Contrariamente a la idea, muy difundida, de que la carrera de un bailarín clásico es más dura y más sacrificada que ninguna otra, estos chicos se ven muy felices.
La preparación del bailarín no es más exigente que la de un tenista, pianista, nadador, futbolista, carpintero o albañil. Para los chicos con vocación, no es un sacrificio. Lo es seguramente más para las familias que tienen que traerlos a veces desde muy lejos, buscarlos, prepararles lo que van a comer…
En una entrevista con Marianela Núñez, ella recordaba aquella etapa de su infancia en la que su vida estaba ocupada durante gran parte de las horas del día: “Iba a la escuela primaria, tomaba clases privadas de danza en San Mar-tín -la ciudad del Gran Buenos Aires donde nació y creció-, e iba todos los días al Instituto del Colón. Mi mamá tenía en el auto una almohada y frazadas para que yo pudiera dormir en los viajes de ida y vuelta y mi abuela me preparaba unas viandas deliciosas.”
En junio pasado, los alumnos del ciclo superior bailaron Sueño de una noche de verano en la sala grande del Colón, montada por el propio coreógrafo, Oscar Araiz. Fue una gran iniciativa por parte de la regente la de llevar a los alumnos la posibilidad de trabajar mano a mano con un gran coreógrafo vivo.
Habían interpretado anteriormente La Sylphide y Las bodas de Aurora, obras del repertorio académico. Y aunque en Sueño de una noche de verano, que Araiz había montado para el Ballet del Teatro Colón en 1979, hay mucho del lenguaje del ballet, también tiene giros contemporáneos y un uso del humor con los que los estudiantes no estaban muy familiarizados.
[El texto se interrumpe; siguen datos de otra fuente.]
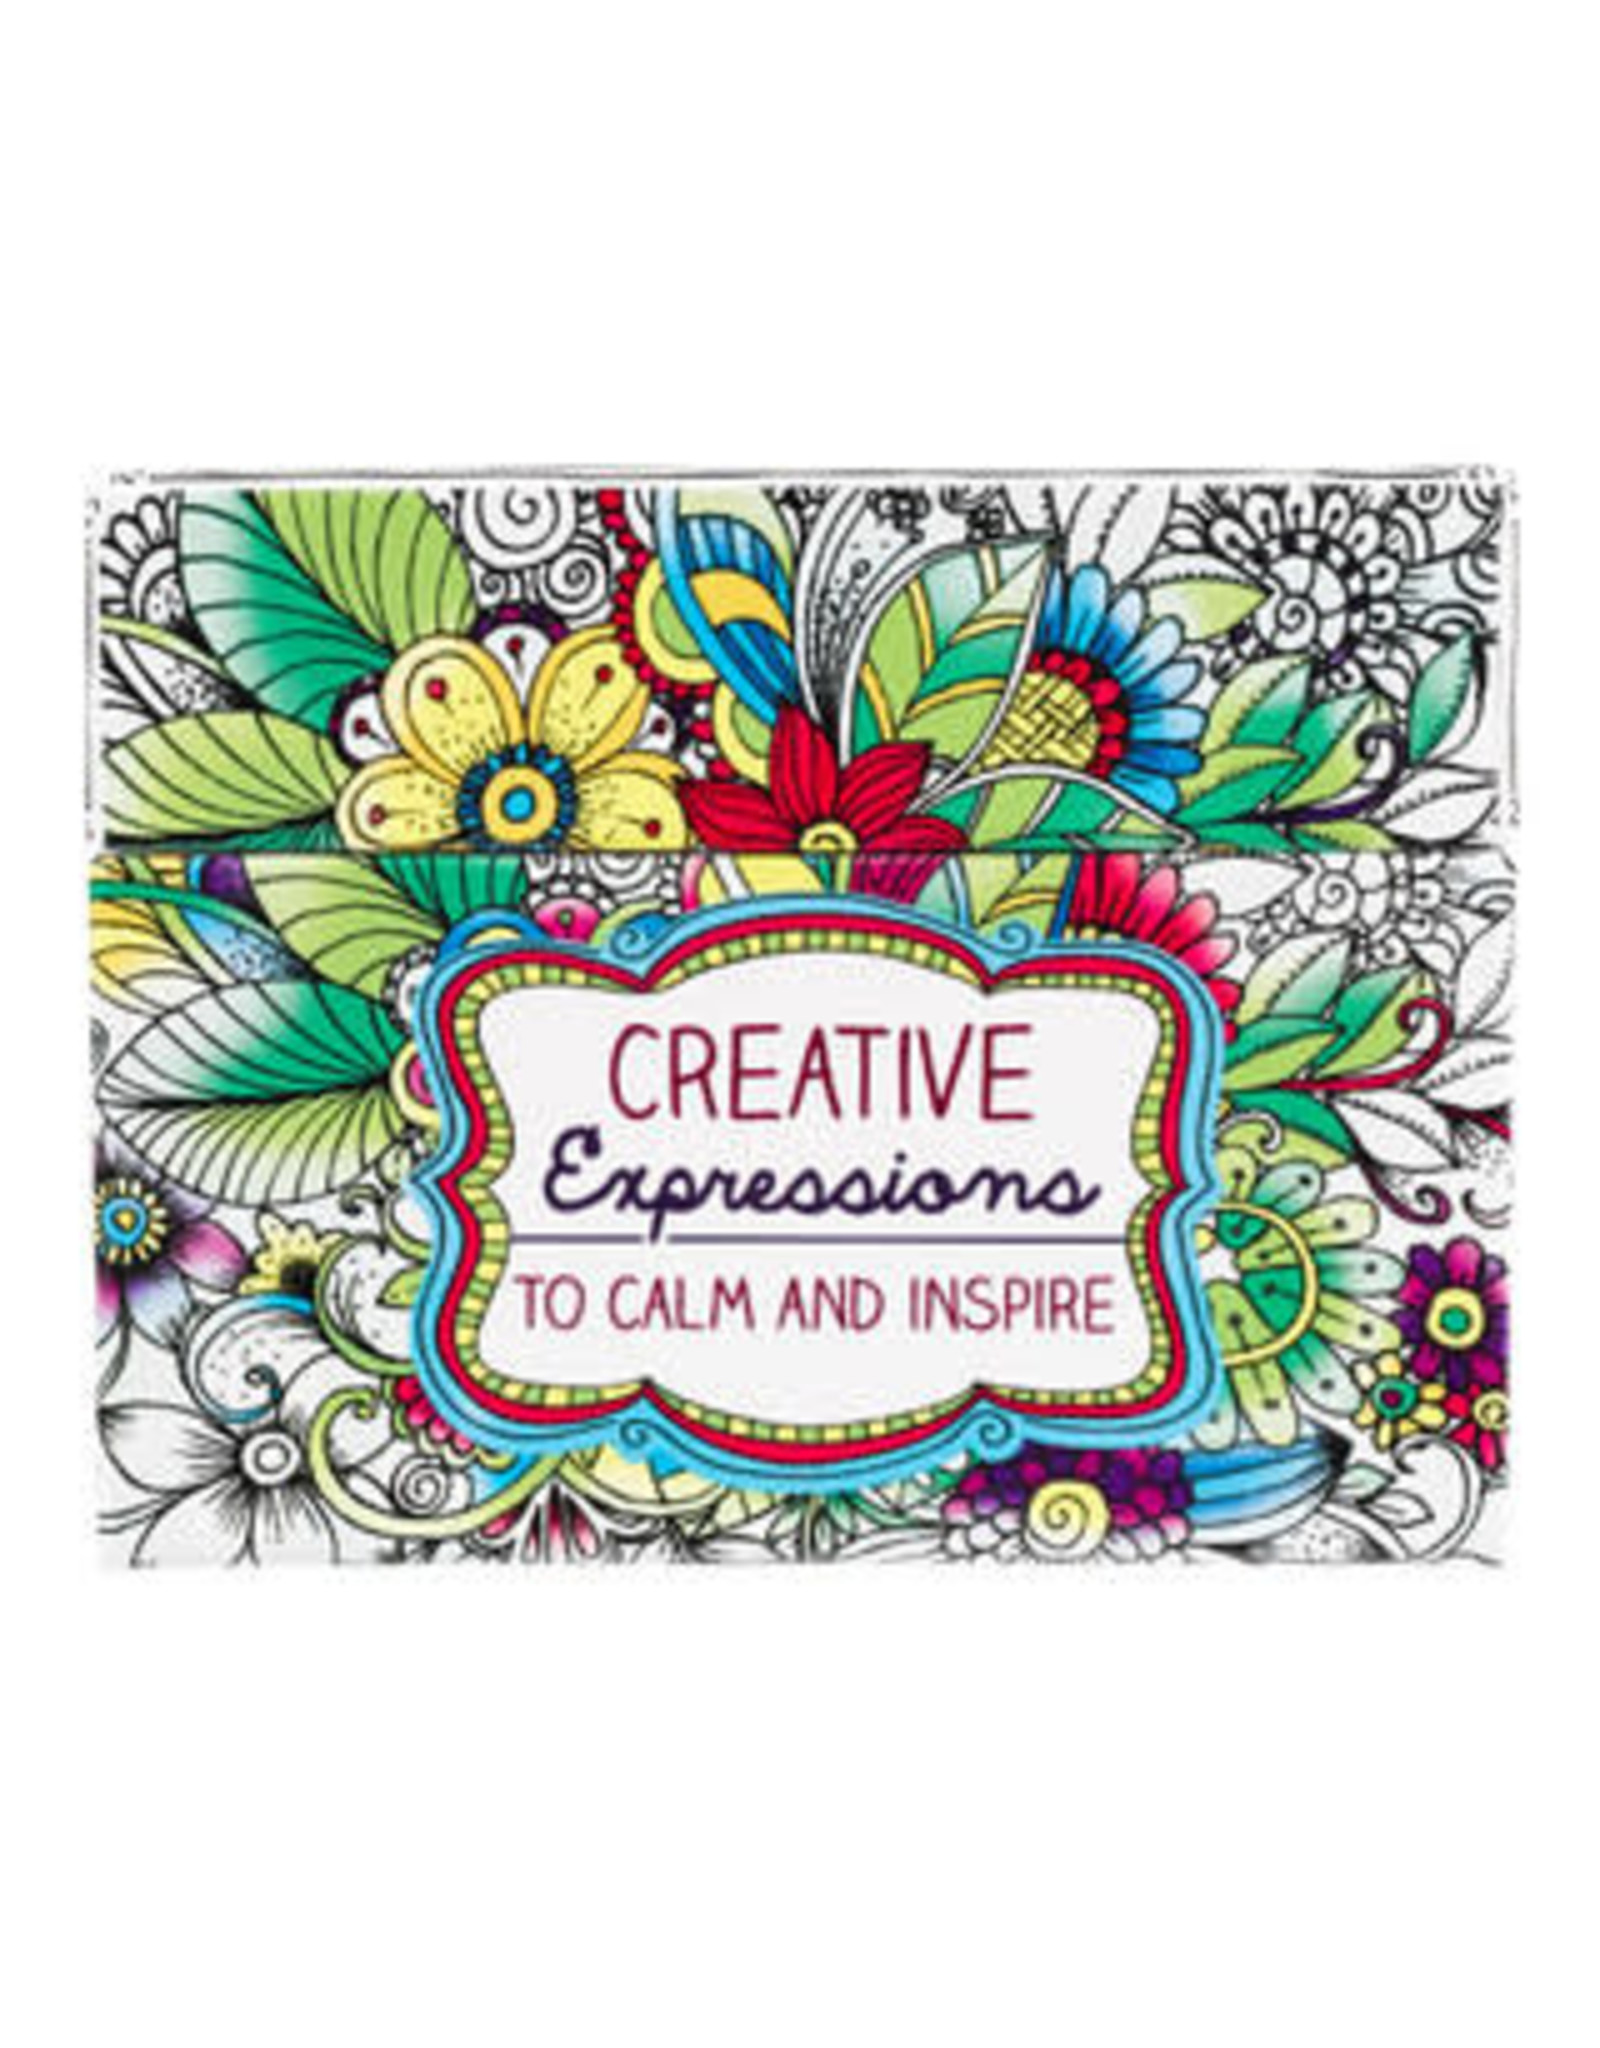 Christian Art Gifts Creative Expressions Coloring Cards

Resultó una experiencia notable si juzgamos por sus resultados: todo el escenario del Teatro Colón se llenó brillantemente con las alternativas de esta comedia de enredos en forma de ballet, basada en la obra del mismo nombre de William Shakespeare, y con las actuaciones altamente profesionales de estos estudiantes que ya son bailarines.
La pregunta es para Streiff: ¿hay algo que nos distinga como argentinos en esta disposición para la danza?
“Creo que tenemos una particular capacidad de asimilación y resiliencia y esto nos da un brillo especial. Cuando estudiaba en Rusia, había varias bailarinas latinoamericanas que bailaban como tales. A mí, en cambio, los maestros me preguntaban: “¿De dónde es usted, de Riga?”. Había absorbido el estilo”, responde la regente de la Escuela de danza.
Y completa: “Creo que también influye la mixtura de etnias que se da en nuestro país. Y esto se ve en nuestros físicos, en nuestra manera de sentir, de pensar, de expresarnos y de escuchar; incluso con toda la variedad que abarcamos”.